Greetings I'm a long time reader first time poster. I am running an older version of FreeNAS (7.1). I am having a multiple drive failure in ZFS problem nearly identical to this thread: http://forums.freebsd.org/showthread.php?t=21794&highlight=recoverdisk

in this thread a successful solution was posted:
http://robinbowes.com/article.php/20090420153906928

In the success story, the author refers to "...booted from the FreeBSD DVD, dropped to a Fixit shell prompt, and ran recoverdisk". I'm not sure what he's referring to here. I downloaded a FreeBSD DVD and booted up the live shell to run the recoverdisk(1) command. The command runs fine on my test but when I add the -w parameter recoverdisk spits out an error along the lines that it has no place to write this data, which makes sense since it's a live session. I'm not sure if I'm booting into the right mode and if I am I'm not sure how to get recoverdisk to write the data to finish its job.
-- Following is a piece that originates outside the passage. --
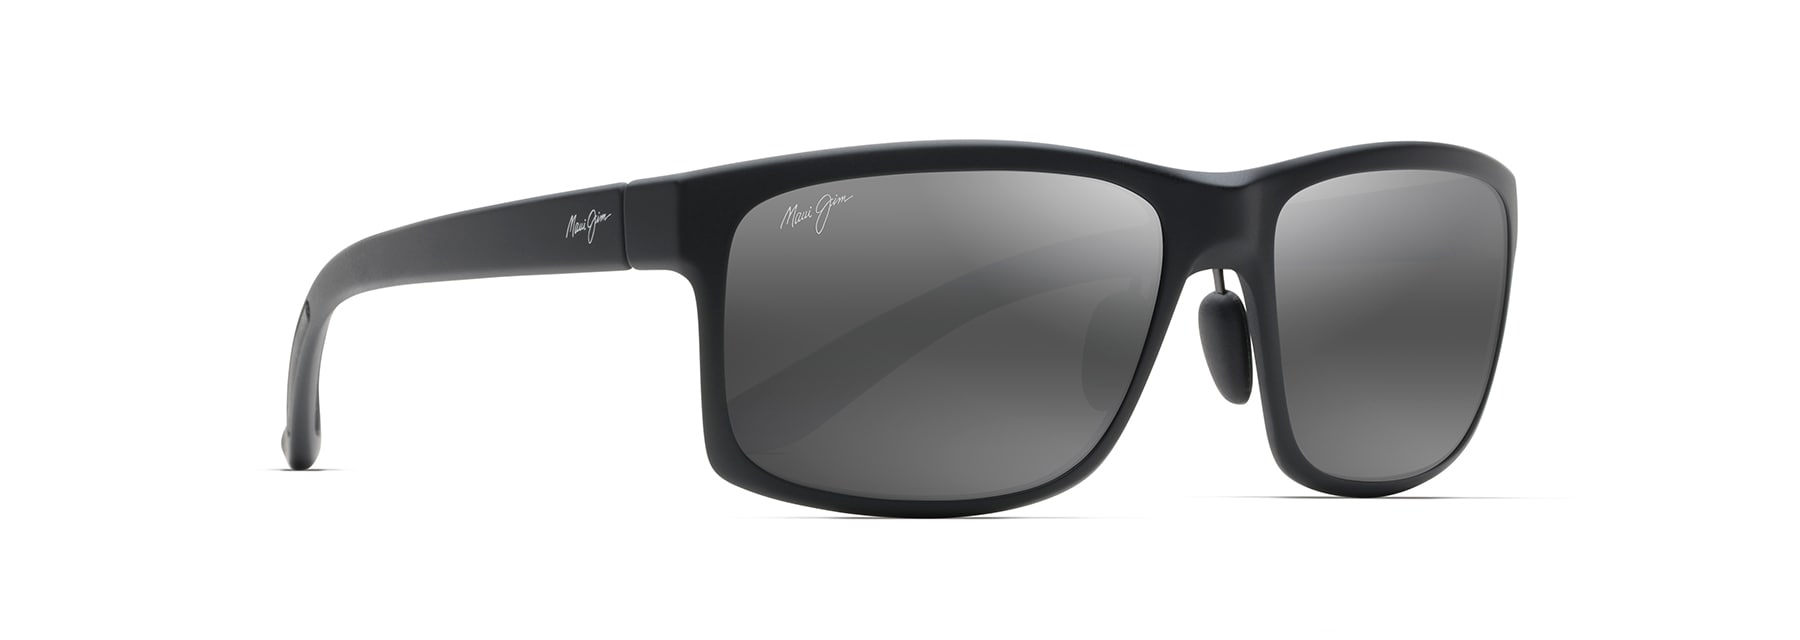 Pokowai Arch Polarized Sunglasses | Maui Jim®
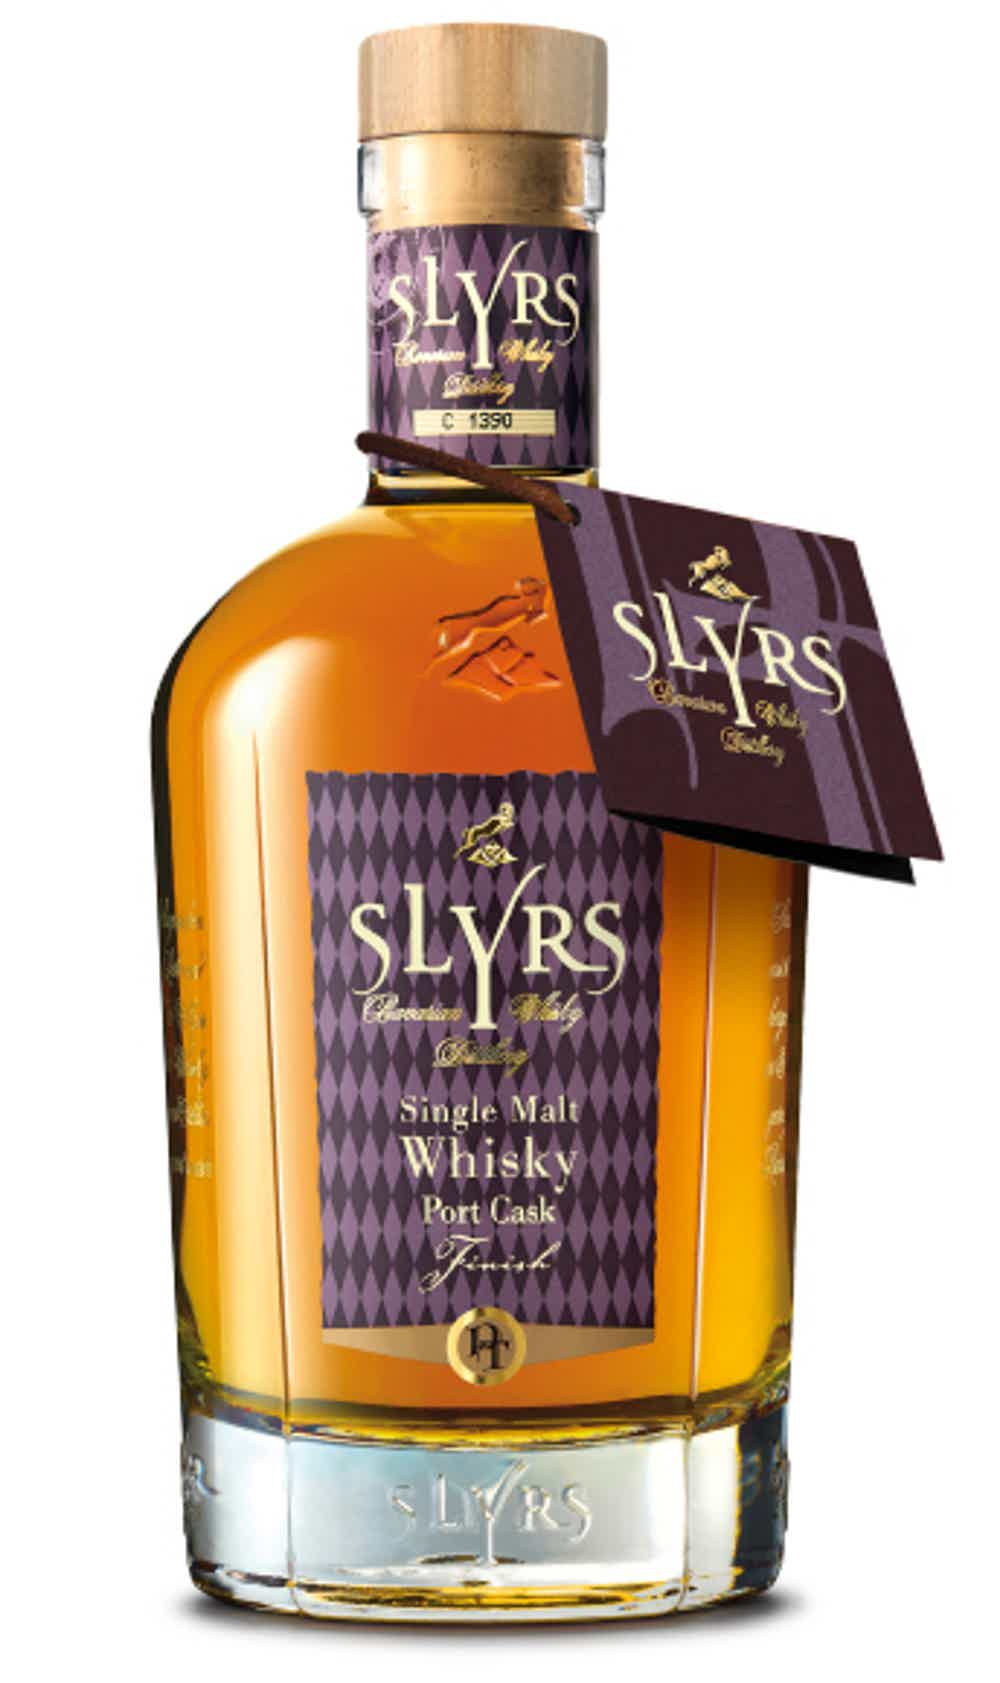 SLYRS Single Malt Whisky Port Cask Finish 46% vol. 46.0% 0.35L, Spirits

Thank you very much for any help provided. I'm not that familiar with FreeBSD so I'm not sure what other details would help.


----------



## wblock@ (Jul 30, 2013)

A new disk must be connected, and that is where the recovered data is written.


----------



## DutchDaemon (Jul 30, 2013)

Disclaimer and warning: Topics about PC-BSD, DesktopBSD, *FreeNAS*, NAS4Free, m0N0WALL, pfSense, ArchBSD, kFreeBSD, JabirOS: http://goo.gl/GEa2C

FreeNAS *7.1*? You are using an unsupported, End-of-Life version (or derivative) of FreeBSD: http://goo.gl/mybOk


----------



## Leprechaun77 (Jul 31, 2013)

DutchDaemon said:
			
		

> Disclaimer and warning: Topics about PC-BSD, DesktopBSD, *FreeNAS*, NAS4Free, m0N0WALL, pfSense, ArchBSD, kFreeBSD, JabirOS: http://goo.gl/GEa2C
> 
> FreeNAS *7.1*? You are using an unsupported, End-of-Life version (or derivative) of FreeBSD: http://goo.gl/mybOk



Thank you for pointing that out to me. However my question pertains to running liveFreeBSD and using recoverdisk. I don't think having FreeNAS is relevant to my problem.


----------